World Health Day

Victory for the Vulnerable




Every year the World Health Organization designates one specific day to highlight the health and well being of Earth’s citizens. The theme of this year’s designated health day, which falls on April 7th is simple: giving people access to healthcare without the prospect of financial hardship. Beyond any political considerations, it would be hard to argue with this noble goal. Good health and vibrant wellness should be the birthright of all human beings. Created in the image of God, humans were designed to be infinitely creative—to adapt, improvise, and overcome the stresses of life.

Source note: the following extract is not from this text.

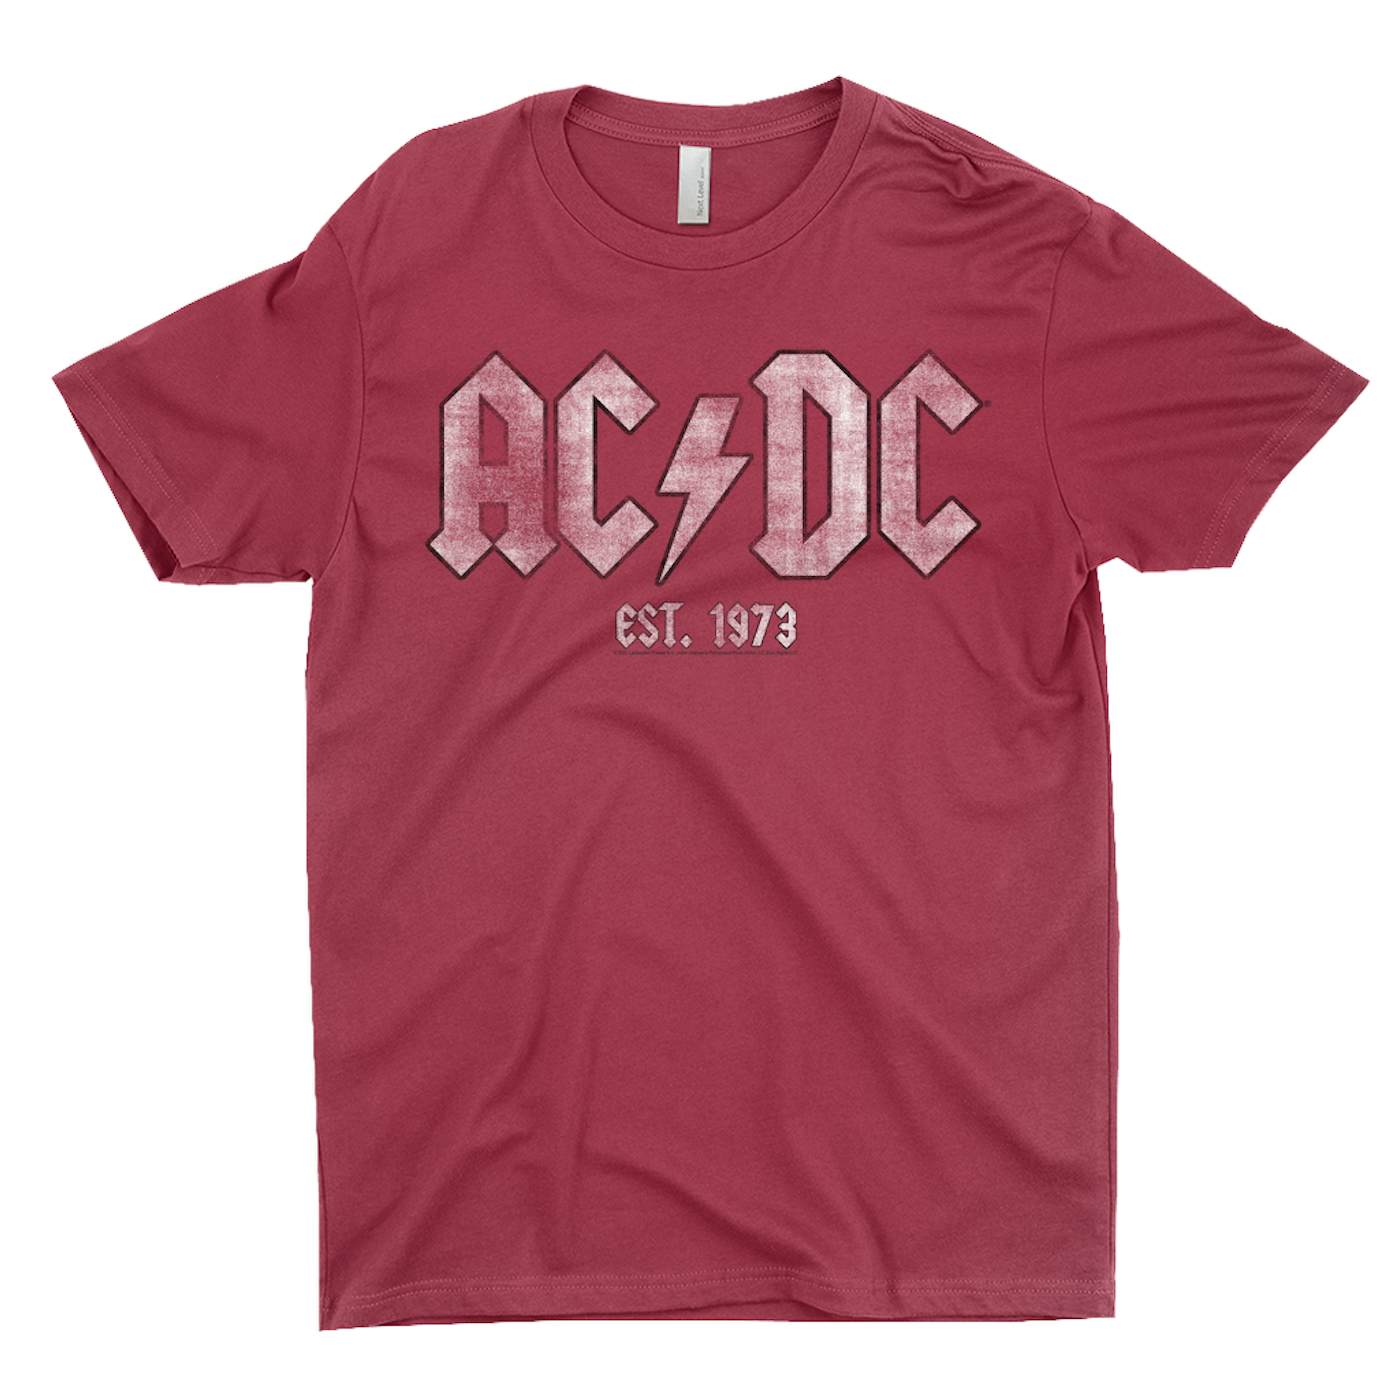 ACDC T-Shirt | AC/DC Est. 1973 Distressed ACDC Shirt (Merchbar Exclusive)

Now you may be thinking that it’s ironic to try to commemorate world health when currently all the countries and continents of the world (besides Antarctica) are busy trying to “flatten the curve” of new cases of the COVID 19 viral epidemic. But really, there is no better time to highlight the pillars of health than now. More than ever before, we need the truth about wellness, and we need simple solutions to get there. It shouldn’t cost a fortune to be well.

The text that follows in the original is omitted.